Turning now to the second family - industrial property. The main social purpose here, by contrast, is said to be the protection of investment in useful new technology, thus providing an incentive to finance research and development. So, for example, developers of novel, inventive, industrial products and processes are protected by the patent regime for renewable periods up to a maximum of twenty years. So too, creators of industrial designs are protected by registered or unregistered design right for various periods. A third branch of this family, albeit with a rather different social purpose, protects both owners of registered trademarks and geographical indicators such as 'champagne'. This third type of industrial property can be protected indefinitely.
If we have to determine which of the two families of intellectual property rights - copyright or industrial property, is more appropriate to protect software, we immediately hit a problem. As we have already seen, software is both symbolic and functional in nature. In symbolic, 'textual' mode, programs should surely be protected by copyright as a type of aesthetic creation such as a literary work. However, in functional, 'behaving' mode, it appears more appropriate to protect them as a species of industrial property. From a detached and theoretical point of view, it would seem to follow that software ought to be protected by both families. How, in fact, is it protected in Europe? We will look at that question next.
When the issue of intellectual property protection for software first emerged as one of key importance, the dominant intellectual property mindset was exclusionary. New technologies were to be protected either by the copyright family or by the industrial property family. At the time, this made sense. After all, at this early stage nothing had been developed which had a strong claim to belong to both intellectual property families simultaneously. So, it seemed to follow naturally from this stance that computer programs should be protected either as aesthetic creations or as industrial property, but not both. Which, then, was the more appropriate type of protection? With only two possible options, it is not surprising that there were two main schools of thought. The first school favoured protecting software as an aesthetic creation by means of copyright. The second school, by contrast, preferred protecting software as a type of industrial property. From the outset, it seems to have been taken for granted by this second school that the right approach would be to protect software as a patentable invention.

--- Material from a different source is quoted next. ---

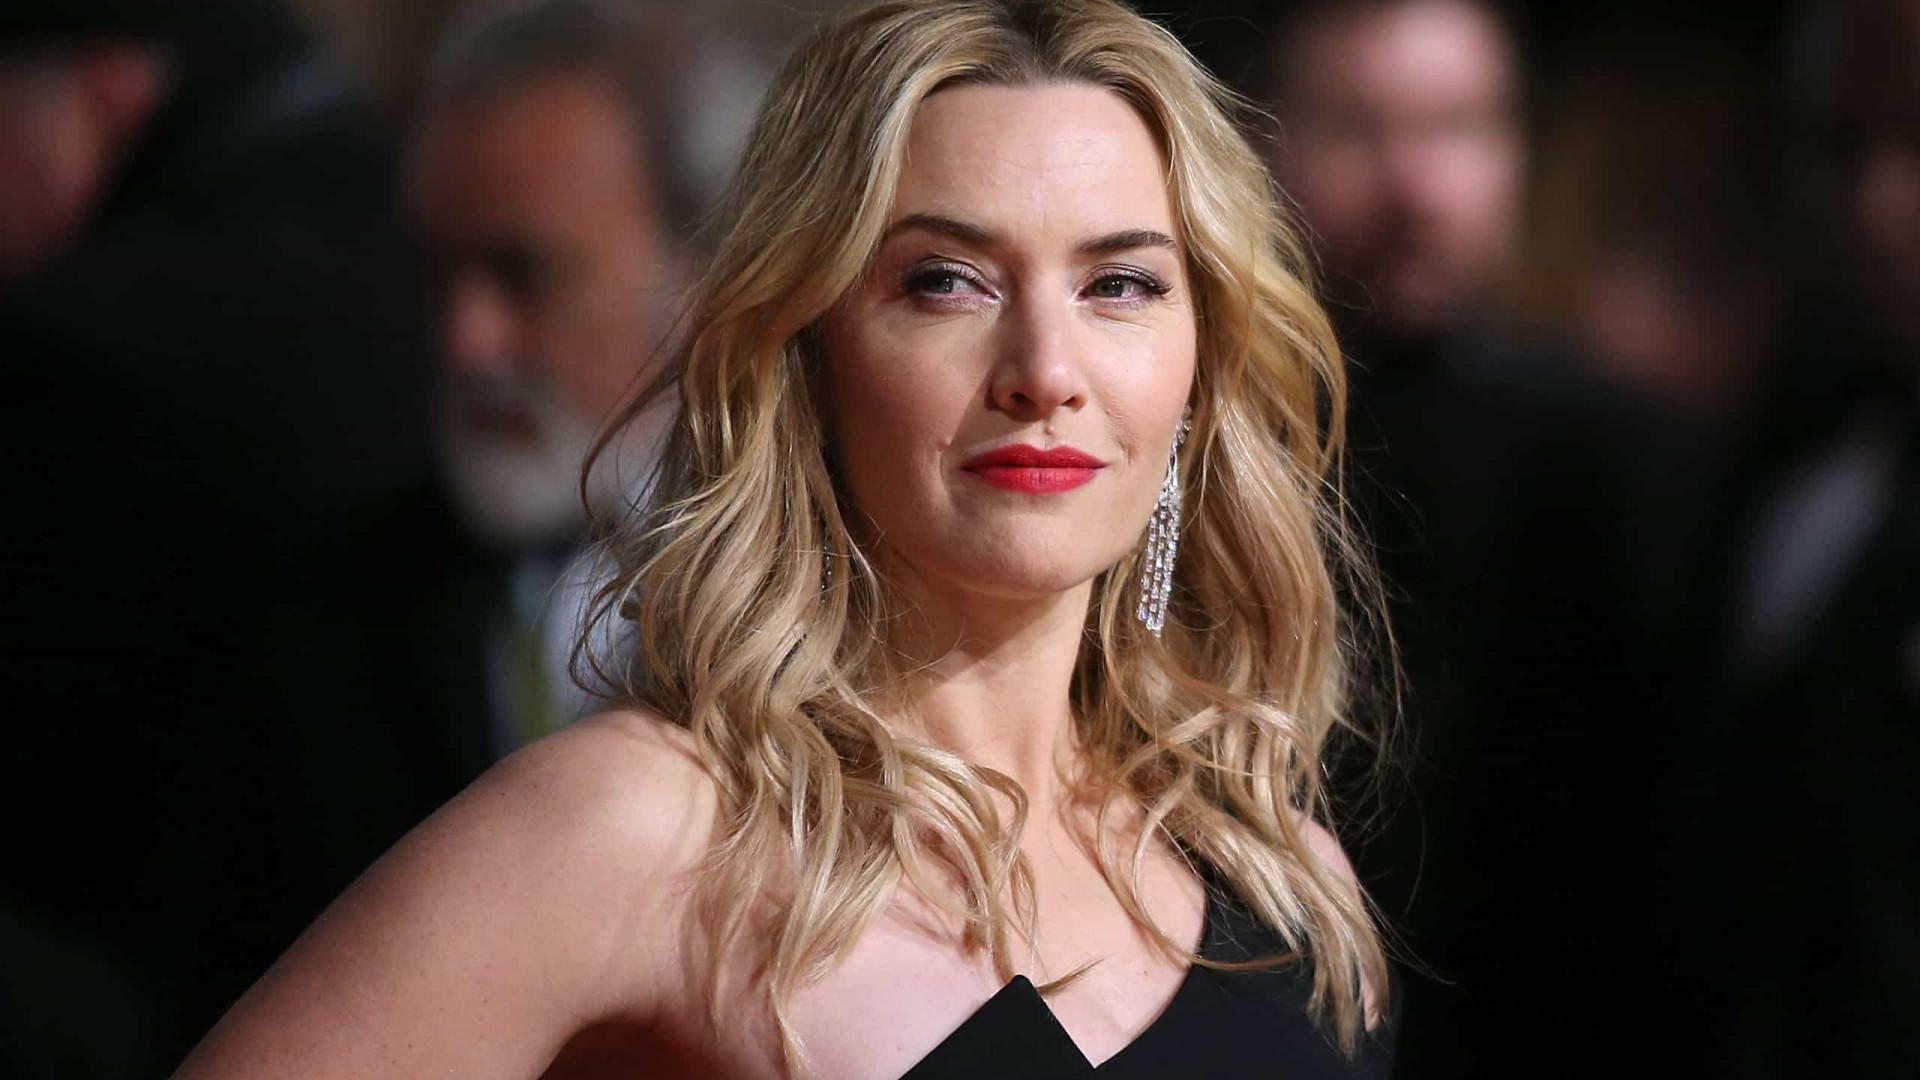 Este foi o vestido que Kate Winslet mais gostou de usar numa 'red carpet'

Over time, the copyright family began to emerge as the preferred means of protection in Europe. Why should this be so? Here are four suggested reasons:
On this basis, it appeared logical to classify source code, i.e. the symbolic representation of software in human-readable form, as a type of aesthetic creation such as a literary work. Object code, the symbolic representation of computer programs in machine-readable form, created more difficult conceptual problems. Insofar as object code could be seen as a translation of source code into another language, however, the fact that copyright readily protected translations from e.g. English into French seemed to provide a sufficiently close analogy to allow a machine-readable version of a computer program to be protected in the same way as the human-readable version.
If the European solution to the either/or conundrum was to be protection by means of copyright, it followed that the other leading contender - the possibility of patent protection, should be suppressed. This was effectively achieved at continental level by means of the European Patent Convention 1973 (The Convention), a provision designed to harmonise patent law in much of Europe and to facilitate the acquisition of a bundle of European national patents by means of a single application. By virtue of article 52(2) of the Convention, computer programs were deemed not to be inventions and therefore were unpatentable. As signatory states to the Convention were required to ensure that their domestic law was in step with the terms of the Convention, this exclusion percolated down into national laws.

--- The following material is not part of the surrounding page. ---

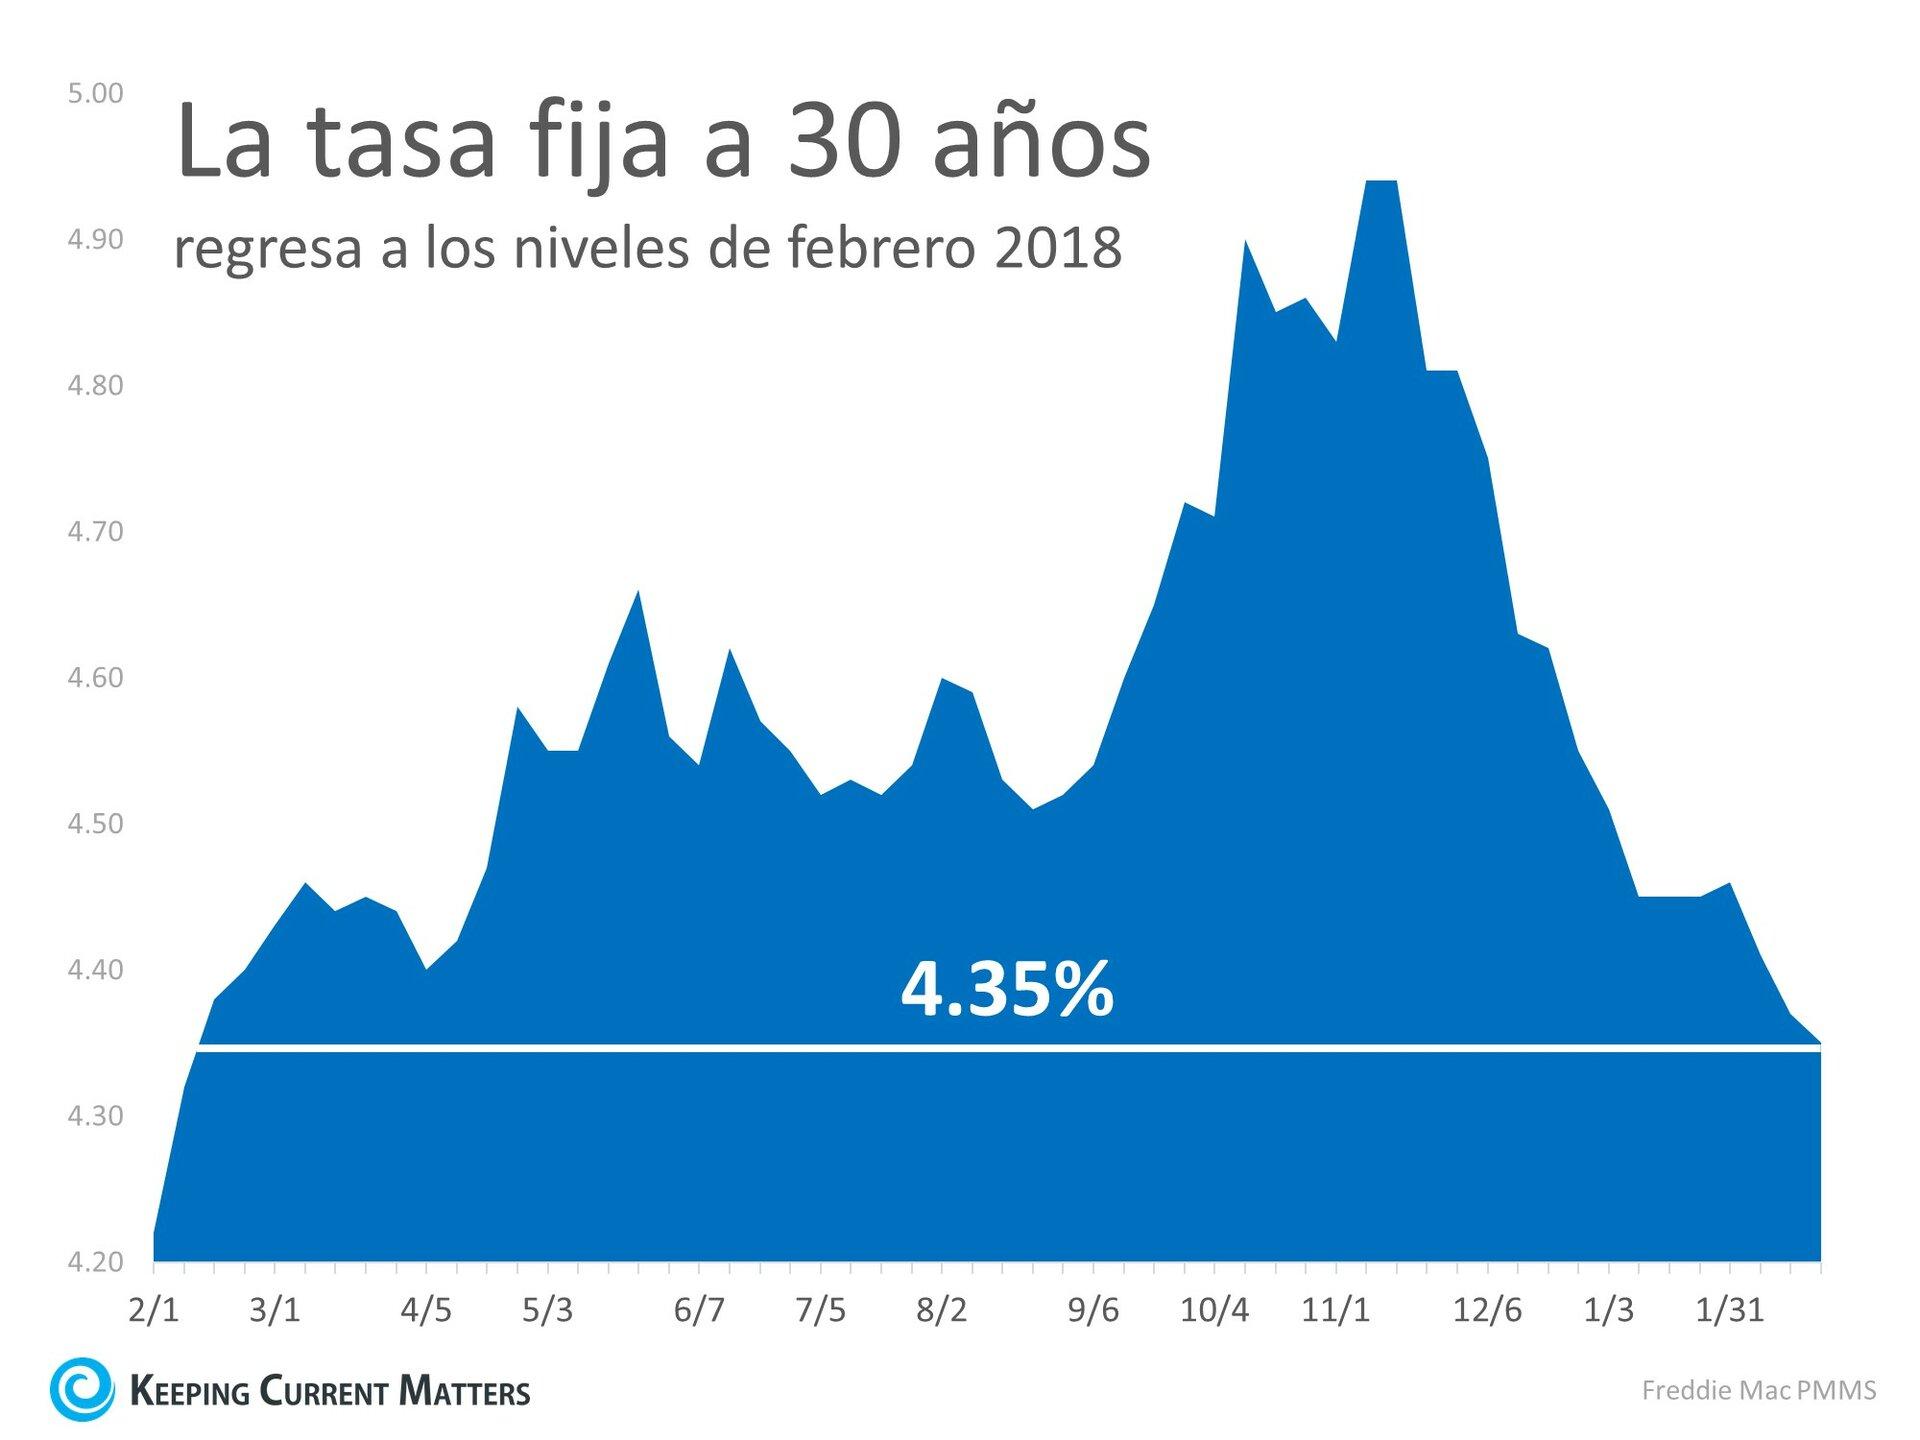 ¡Las tasas de interés alcanzaron un nuevo mínimo en 12 meses! | Keeping Current Matters

The rationale that was adopted for excluding software from the patent regime can perhaps be gleaned from the company that it keeps in the Convention. Computer programs are lumped together with 'schemes, rules and methods for performing mental acts, playing games or doing business' all of which are also deemed to be unpatentable. Why should this be so? The exclusions appear to be based on the notion that all the methods in question are abstract, intellectual constructs rather than useful, 'down-to-earth' products or processes. As Gall argues:
The reason for the exclusion of programs for computers as such is that, like discoveries, scientific theories, mathematical methods and presentations of information, they are not of a technical nature. Patentability requires a specific technical application.
While such abstract constructs might well qualify for copyright protection once set down and recorded in some way, they were all deemed to be unpatentable. Interestingly, though, the exclusions from patentability were not absolute. Article 52(3) provided a loophole. It declared that the exclusion from patentability applied only to software 'as such'. So, for example, provided that a patent application was for something more than, or different from a computer program as such, the application would be considered in the normal way. Unfortunately, though, the key expression 'as such' was not further explained in the Convention. So it was unclear, at first, how large the loophole was.

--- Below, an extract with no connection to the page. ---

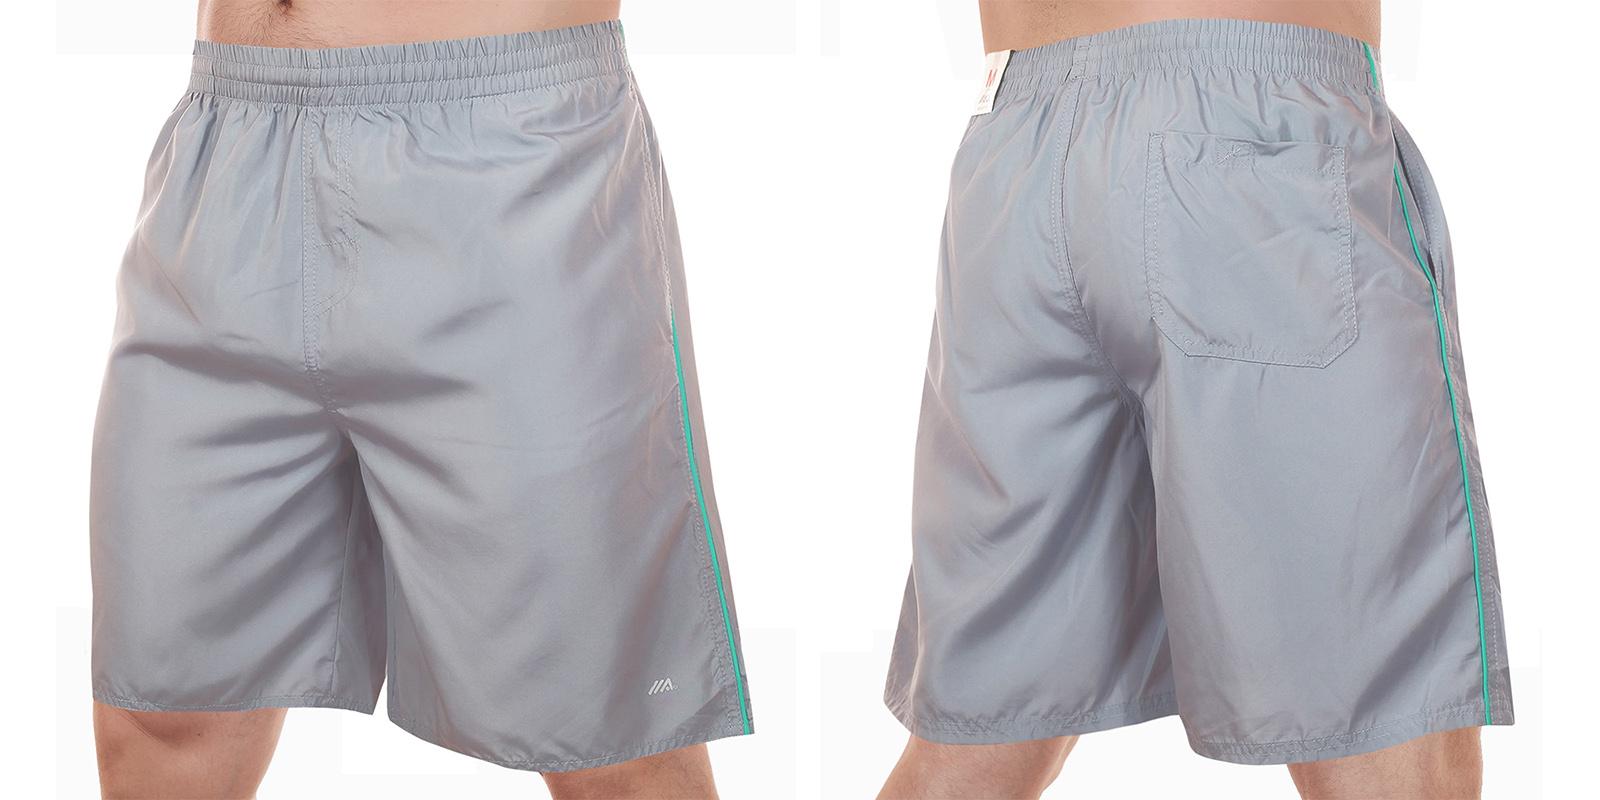 Заказать лучшие летние мужские шорты от MACE (Канада)

In due course, the loophole came to be considered by the Technical Board of Appeal of the European Patent Office (EPO) in VICOM's Application.[ 10]That case concerned hardware with a computer program which, together, would digitally process images in a sophisticated way. It was conceded by the applicant, however, that the hardware used could just as easily be a conventional computer. None-the-less, the Board stated:
Generally speaking, an invention which would be patentable in accordance with conventional patentability criteria should not be excluded from protection by the mere fact that for its implementation modern technical means in the form of a computer program are used. Decisive is what technical contribution in invention as defined in the claim when considered as a whole makes to the known art.
Looked at holistically, i.e. hardware and software combined, the Board was of the view that the claimed invention escaped the 'as such' exception and so was potentially patentable. There was a difficulty, however. In arriving at this result, the Board substituted one obscure concept, 'technical contribution', for another , 'as such'. Subsequently, the European Patent Office (EPO) itself tried to clarify the meaning of this new concept in its official guidelines. An early version of the guidelines gave the following examples:
(P)rogram controlled machines and program controlled manufacturing and control process should normally be regarded as a patentable subject matter.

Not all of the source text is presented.